SUPPLIED INFORMATION:
____________________

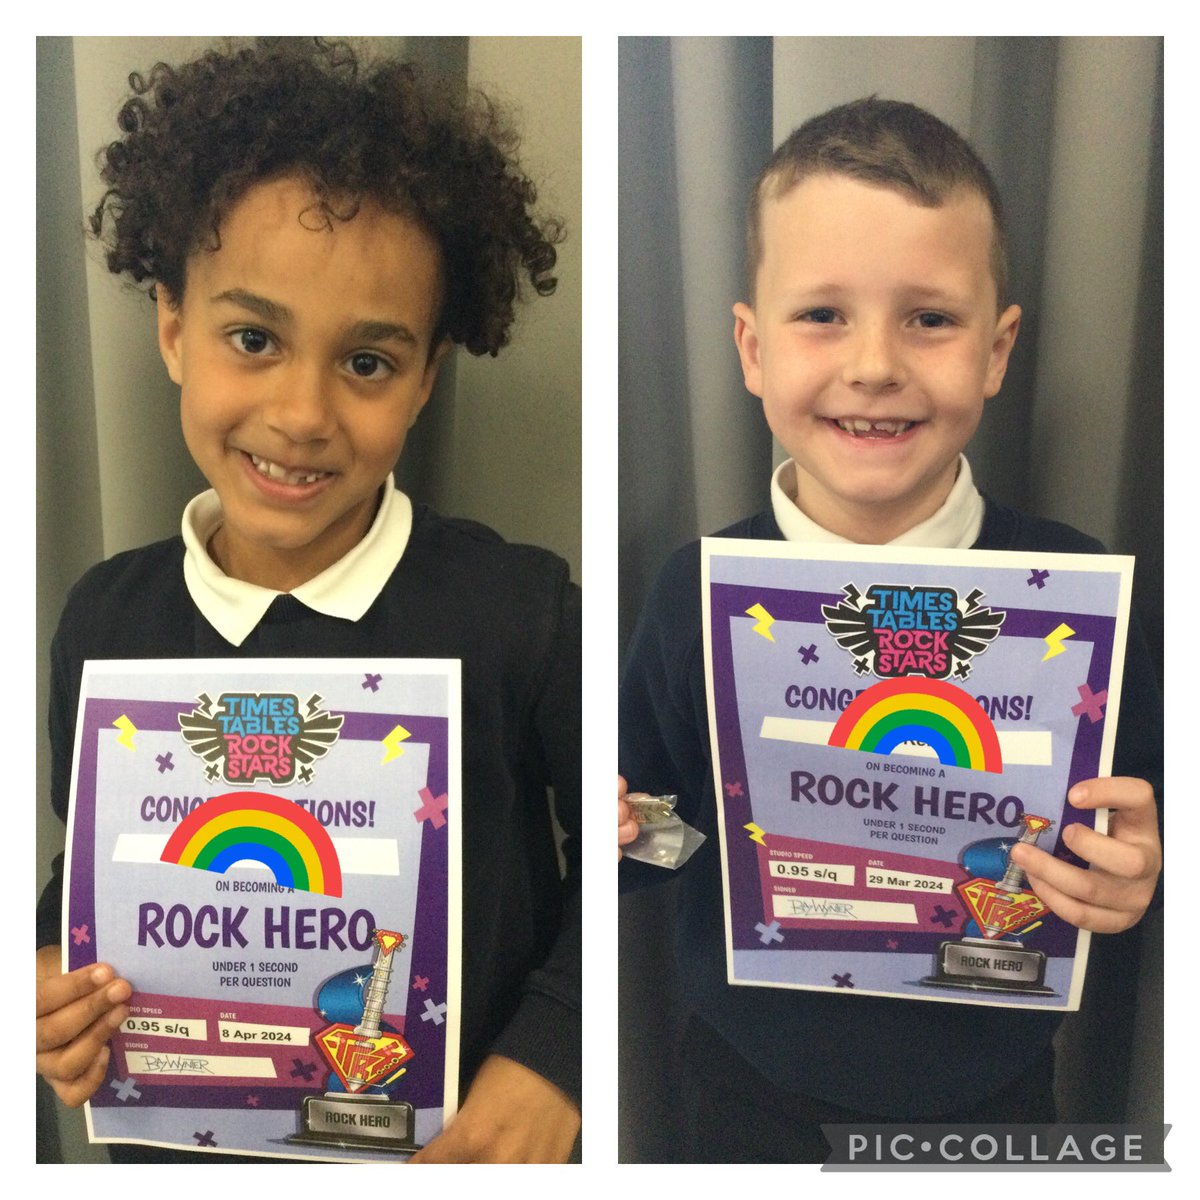 And two new Rock Heroes! ✨💫@TTRockStars
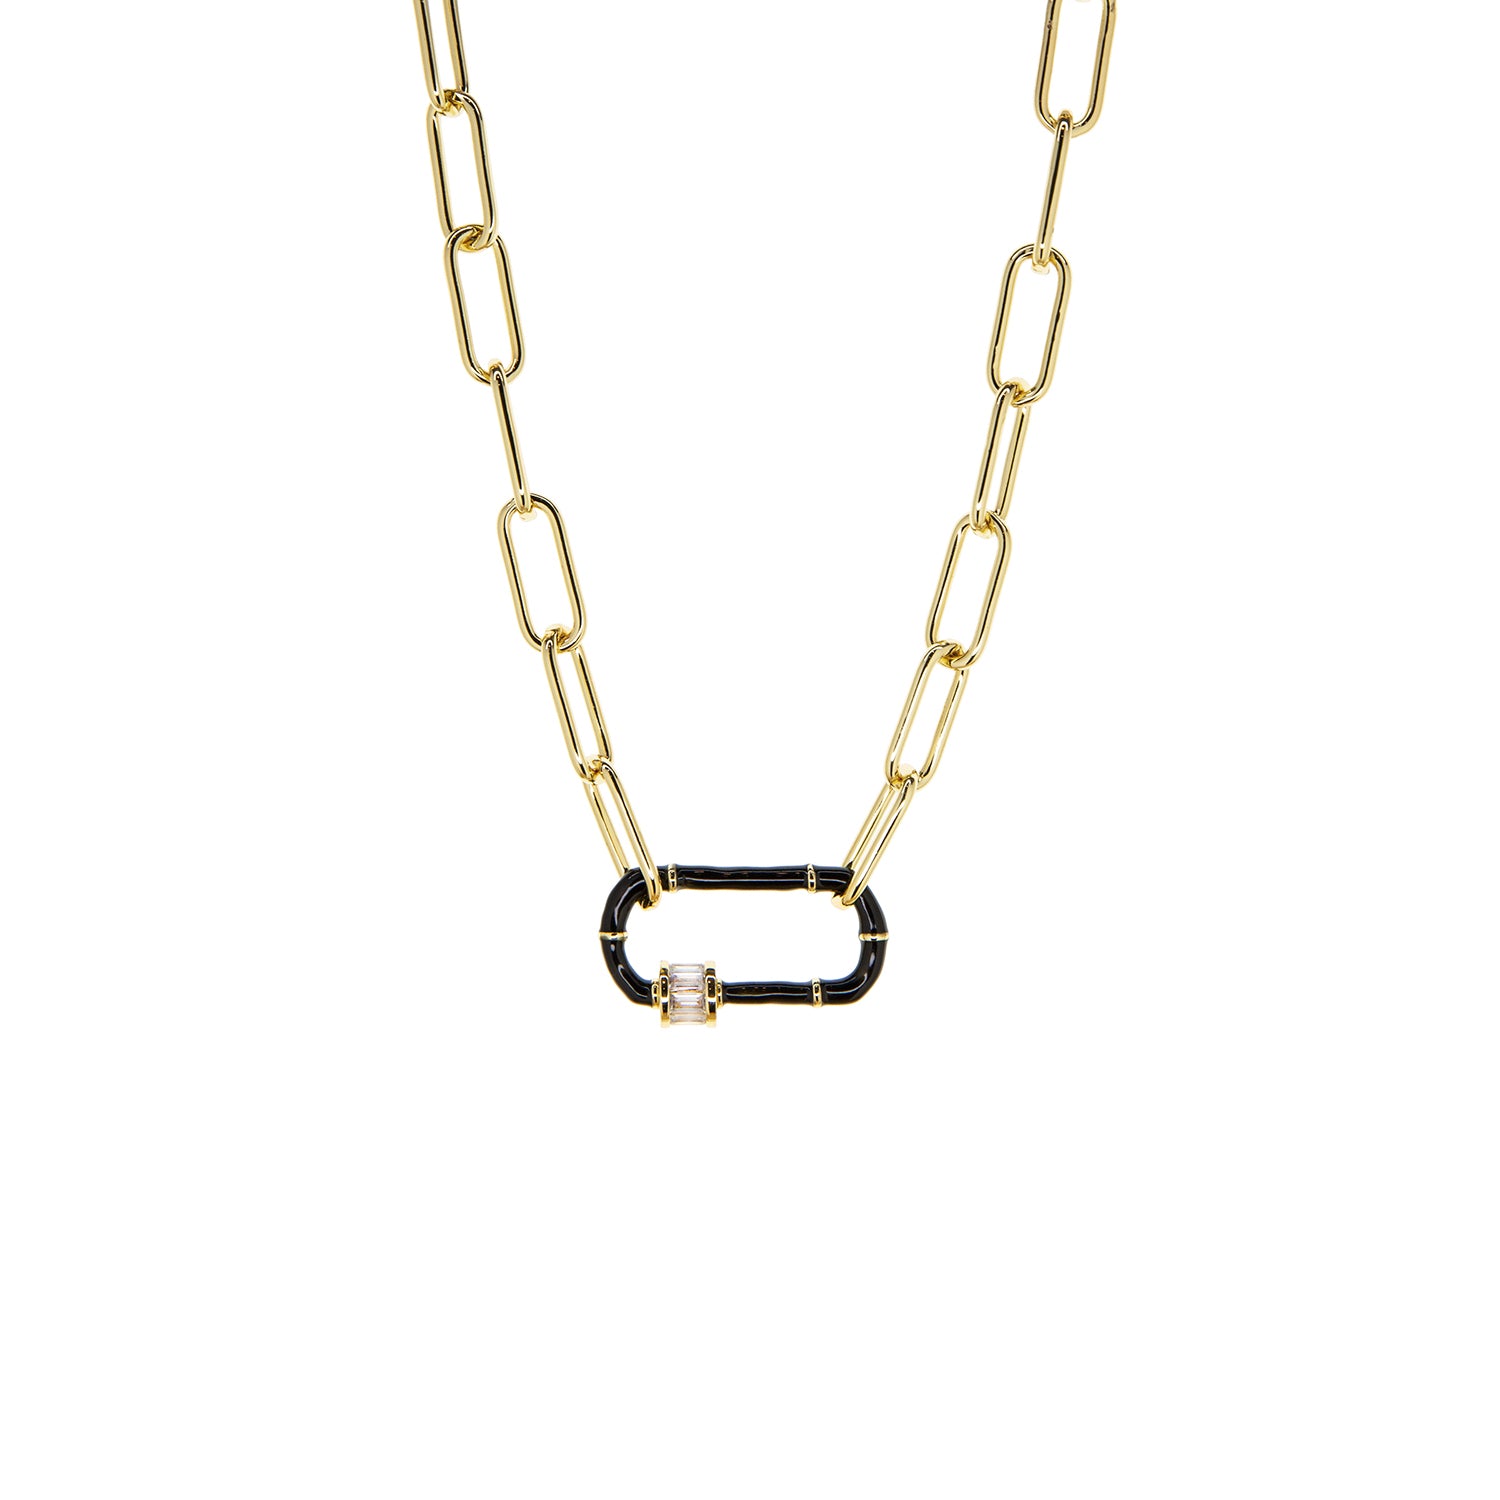 Double Life Carabiner Necklace
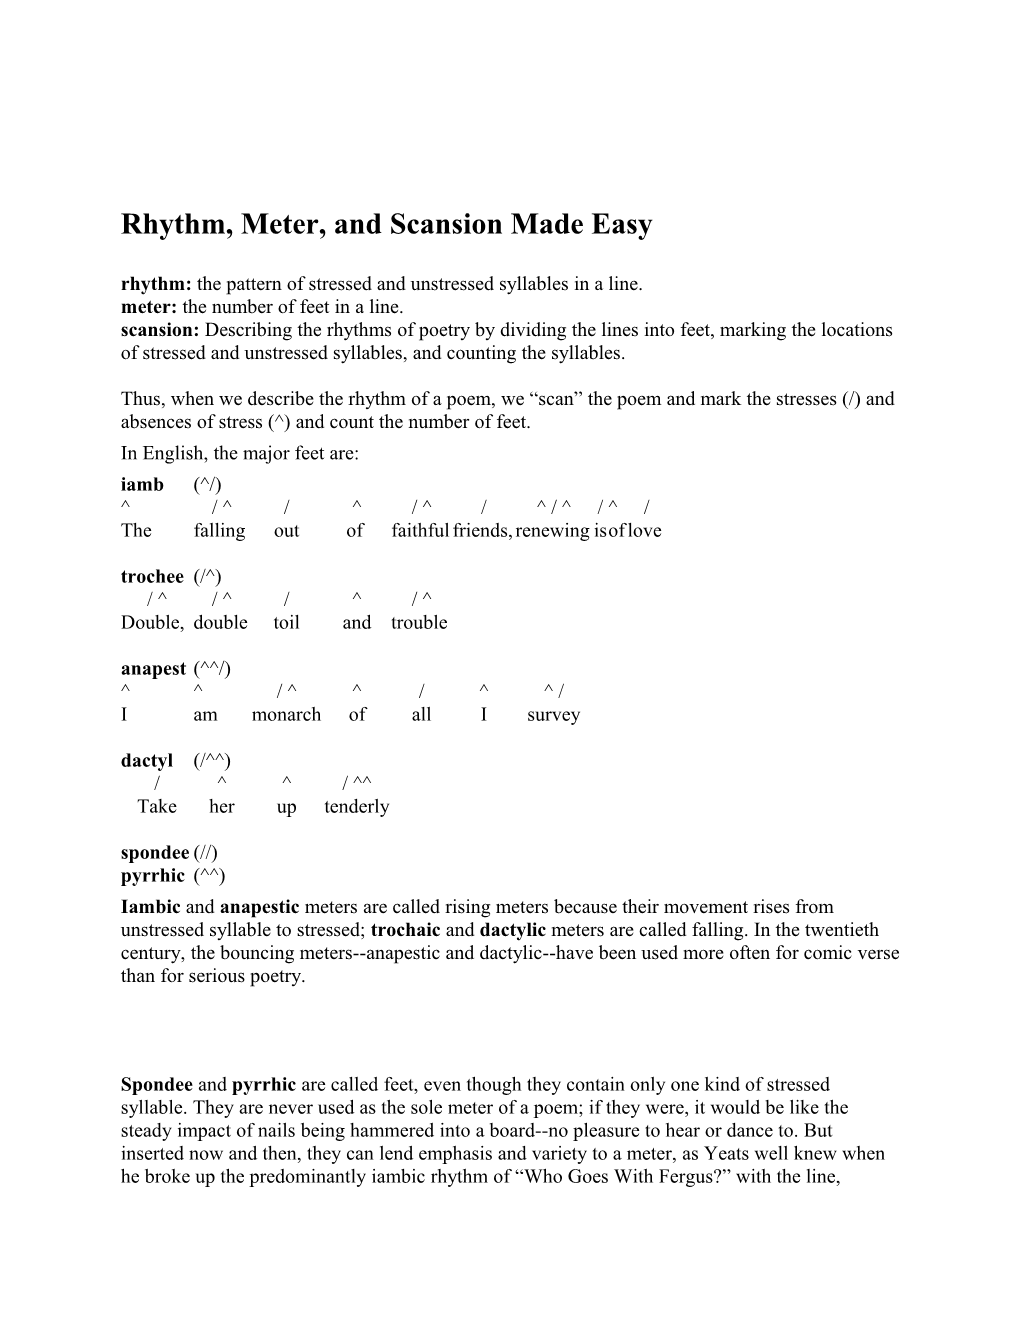 Rhythm, Meter, and Scansion Made Easy

____________________

TASK: In your copy, leave out the pictures and reproduce the material above exactly.

RESPONSE BOX:
 And two new Rock Heroes! ✨💫@TTRockStars
 Double Life Carabiner Necklace
 Rhythm, Meter, and Scansion Made Easy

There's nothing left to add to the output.